- Problem to work on: Repeat only the lines from the one that contains "A car plows" through the final line of the listing below, exactly, please, without pictures.
** Opening Data below block **
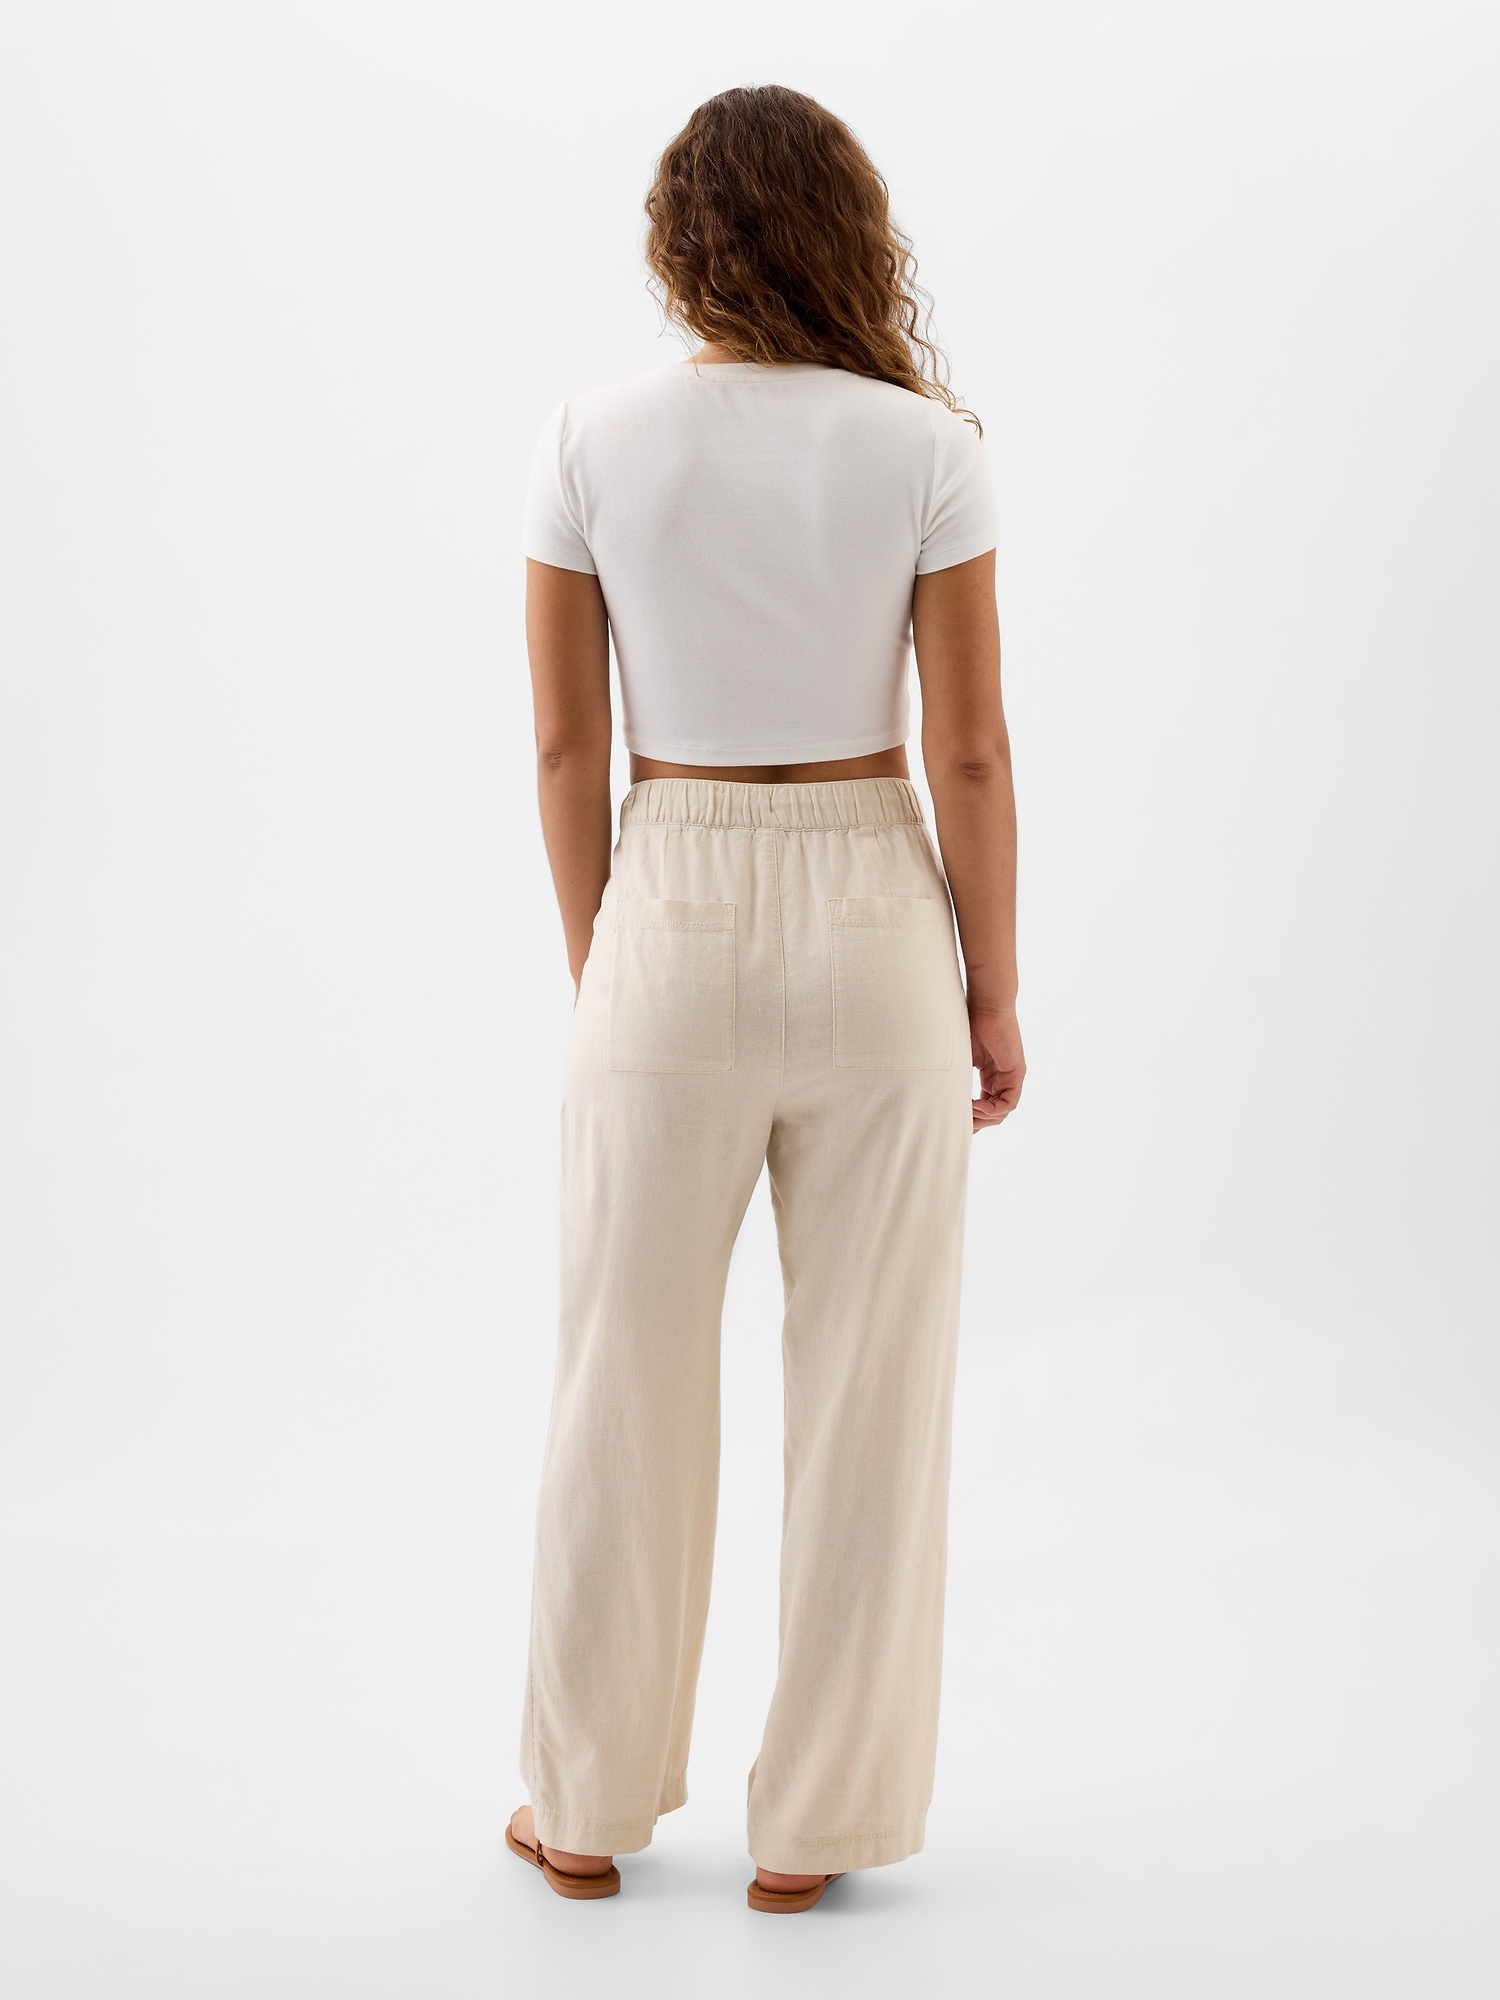 Buy Linen Palazzo Pants, High Waisted Pants, Linen Trousers Women
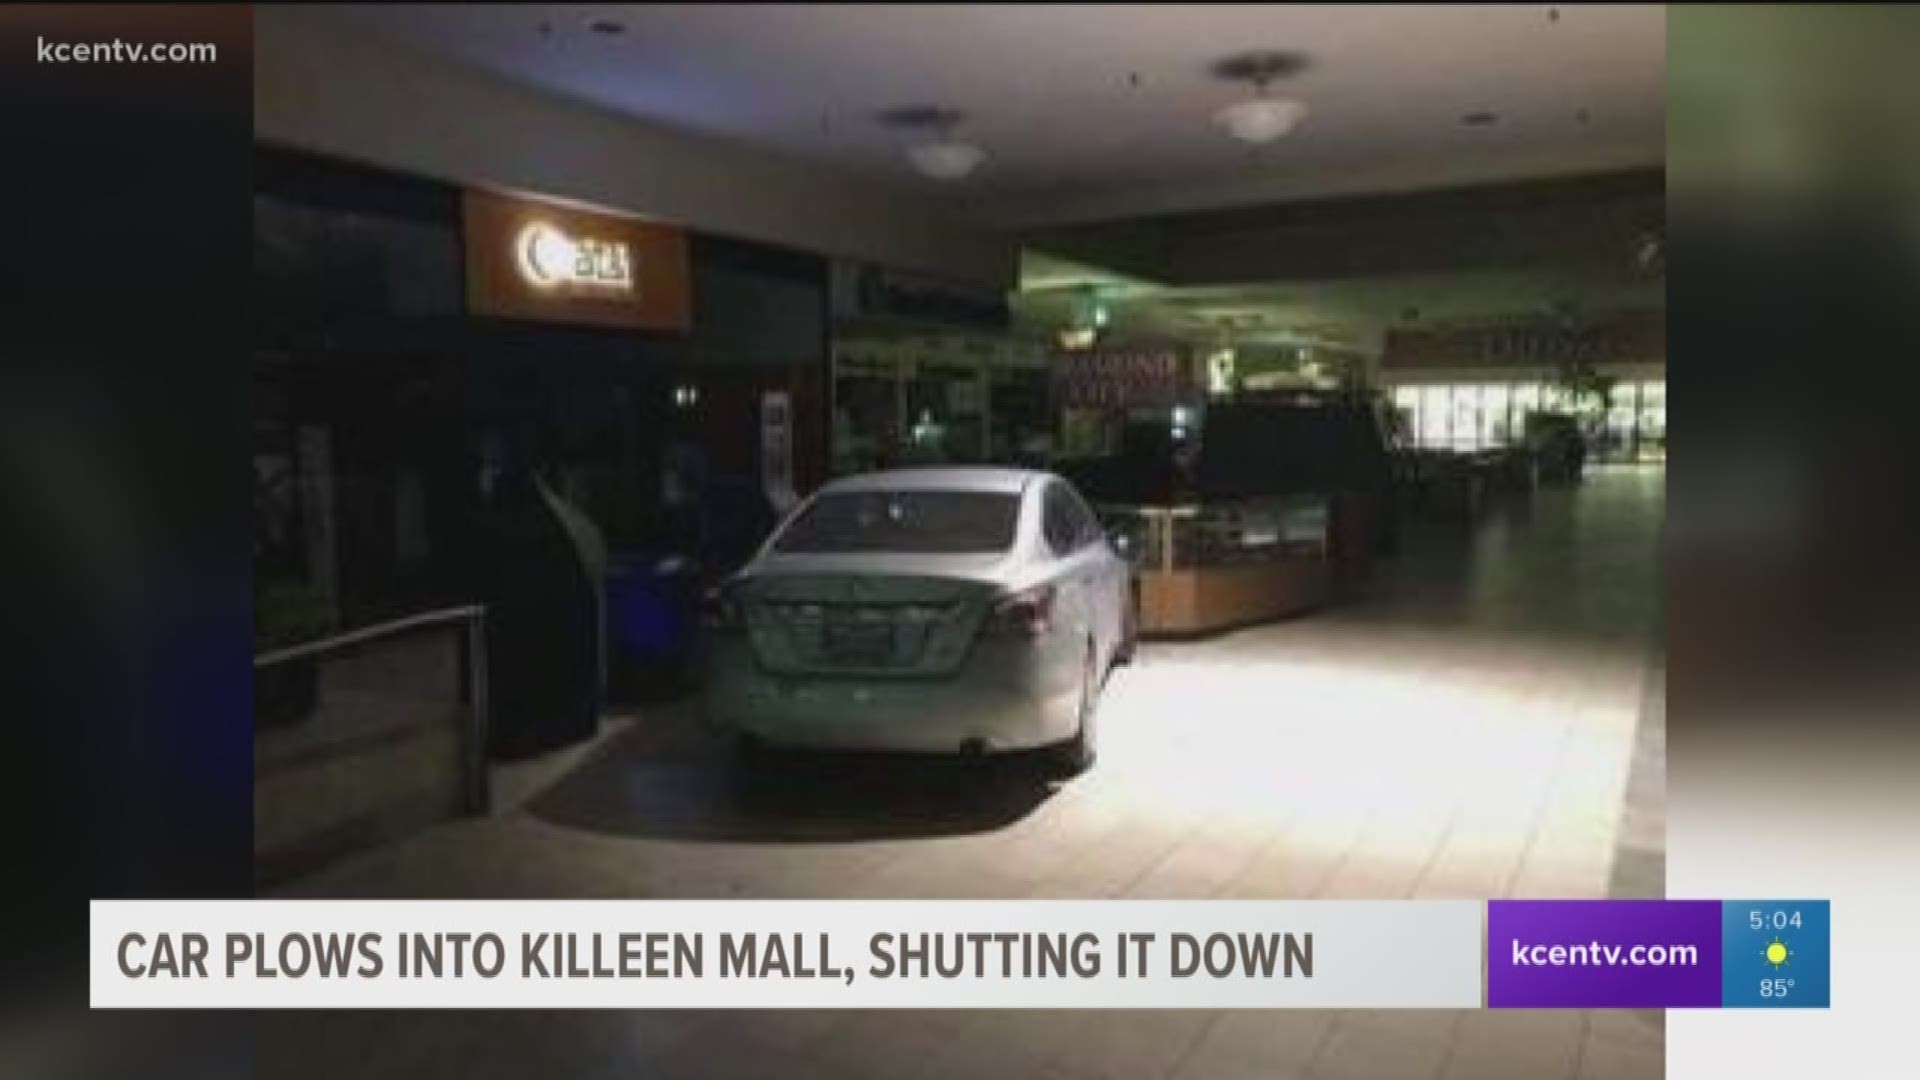 A car plows into the Killeen mall cashing through the doors. 
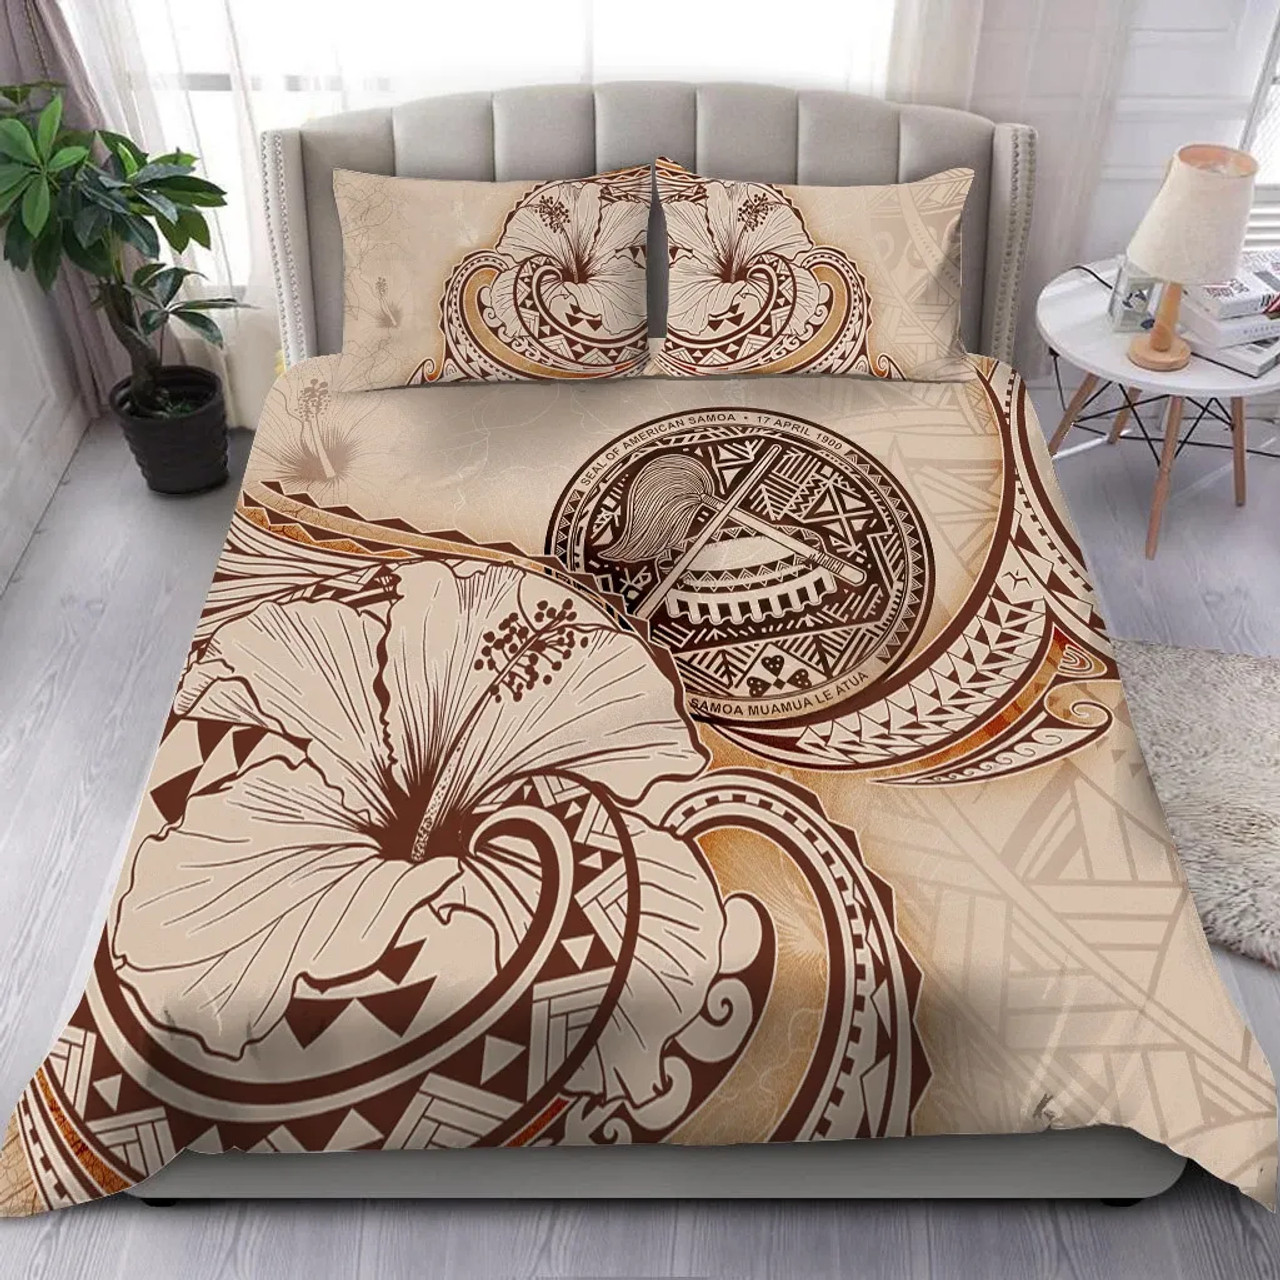 American Samoa Bedding Set - Hibiscus Flower Vintage Style 1
** Closing Data below block **
- Your response:
 A car plows into the Killeen mall cashing through the doors. 
 American Samoa Bedding Set - Hibiscus Flower Vintage Style 1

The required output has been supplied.